Note that for all $x\in [0,1]$, the fundamental theorem of calculus gives $$|f_n(x)| = \left|f_n(0) + \int_{0}^x f_n'(x) dx\right| \leq |f_n(0)| + \int_0^x|f_n'(x)|dx \leq 0 + \int_0^x \frac{1}{\sqrt {x}}dx = 2\sqrt{x} \leq 2 ,$$ so that the $f_n$ are uniformly bounded. Next, for any $\delta < 0$, on $[\delta, 1]$, as $\frac{1}{\sqrt{x}} \leq \frac{1}{\sqrt{\delta}}$ on $[\delta, 1]$, the $f_n$ have uniformly bounded derivatives on $[\delta,1]$. This implies (again by the fundamental theorem of calculus) that the $f_n$ are equicontinuous on $[\delta, 1]$ for all $\delta > 0$.

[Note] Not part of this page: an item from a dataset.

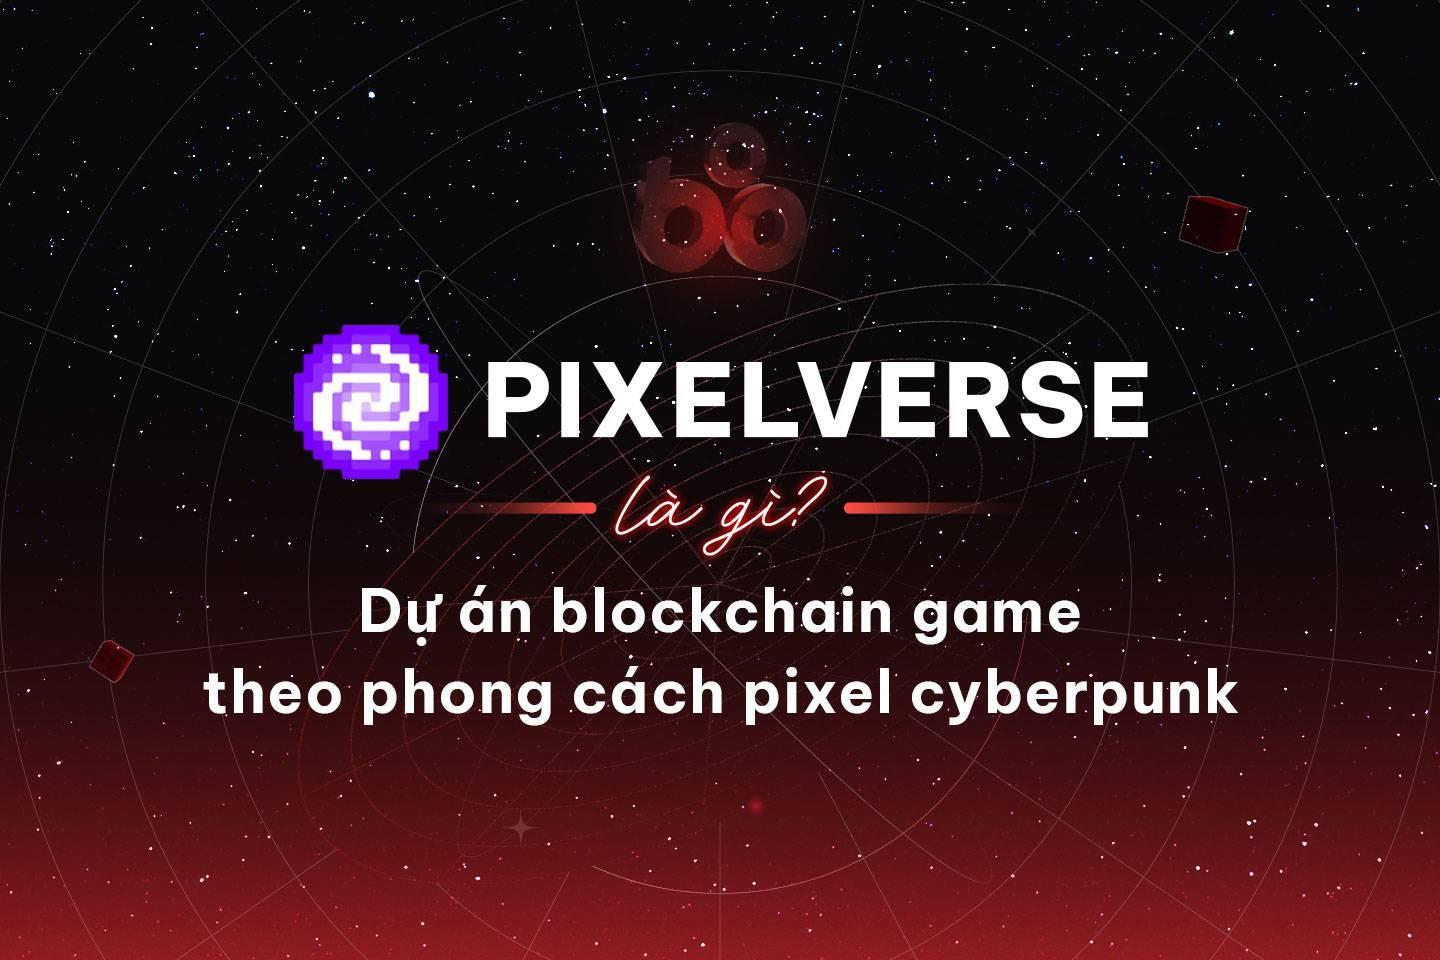 pixelverse-la-gi-du-an-blockchain-game-theo-phong-cach-pixel-cyberpunk

By the above discussion, the $\{f_n\}$ are uniformly bounded and equicontinuous on $[1/2, 1]$. So by Arzela-Ascoli, there's a subsequence $f_{2, k}$ that converges uniformly on $[1/2, 1]$. Note that our assumptions on $f_n(0)$ and the derivatives of $f_{n}$ carry over to $f_{2,k}$. So the $f_{2,k}$ are uniformly bounded and equicontinuous on $[1/3, 1]$, hence we can take a susequence $f_{3, k}$ of $f_{2,k}$ that converges uniformly on $[1/3, 1]$. Repeat this process so that for all $n > 2,$ $f_{n, k}$ is a subsequence of $f_{n-1, k}$ that converges uniformly on $[1/n, 1]$. Finally, define $\tilde{f}_n$ to be $f_{n, n}$ for all $n \geq 2$.

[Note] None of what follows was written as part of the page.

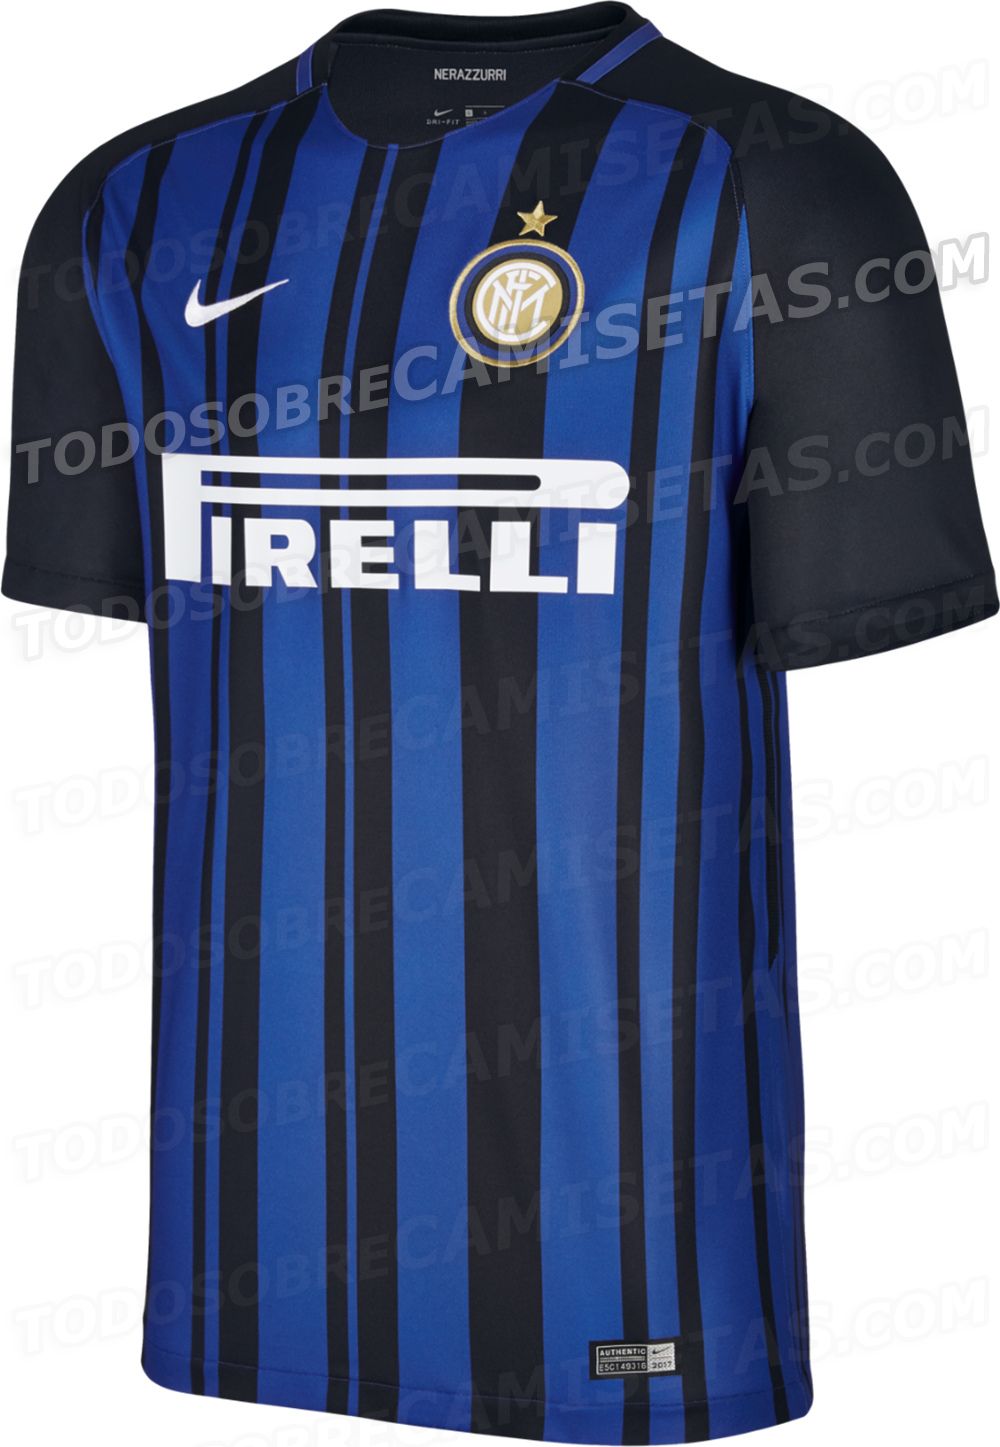 Inter Milan 2017-18 Nike Home Kit LEAKED - Todo Sobre Camisetas

We claim that the $\tilde{f}_n$ converge uniformly on $[0,1]$, and do this by showing that they are Cauchy with respect to the sup norm. So let $\epsilon > 0$. There is some $N \in \mathbb{N}$ so that $4/\sqrt{N} < \epsilon$. Furthermore, as $(\tilde{f}_m)_{m > N}$ is a subsequence of $f_{N, k}$, the $\tilde{f}_m$ must converge uniformly on $[\frac{1}{n}, 1]$. In particular, they are Cauchy with respect to the sup norm. So there is some $N' > N$ so that for all $m, m' > N'$ and $x \in [\frac{1}{n},1]$, $|\tilde{f}_m(x) - \tilde{f}_{m'}(x)| < \epsilon$. On the other hand, as $N' > N$, for all $x\in [0,\frac{1}{n}]$ and $m, m' > N'$, $$|\tilde{f}_m(x)| \leq \int_0^x |\tilde{f}_m'(x)|dx \leq \int_0^\frac{1}{N} \frac{1}{sqrt{x}}dx = \frac{2}{\sqrt{N}} \leq \frac{\epsilon}{2}.$$ The triangle inequality then shows that for all $x \in [0,\frac{1}{N}]$ and $m, m' > N'$, $|\tilde{f}_m(x) - \tilde{f}_{m'}(x)| \leq \epsilon.$ So this holds for all $x \in [0,1]$.

We conclude that $\tilde{f}_k$ is a Cauchy sequence of continuous functions on $[0,1]$ with respect to the sup norm, hence converges uniformly on $[0,1]$.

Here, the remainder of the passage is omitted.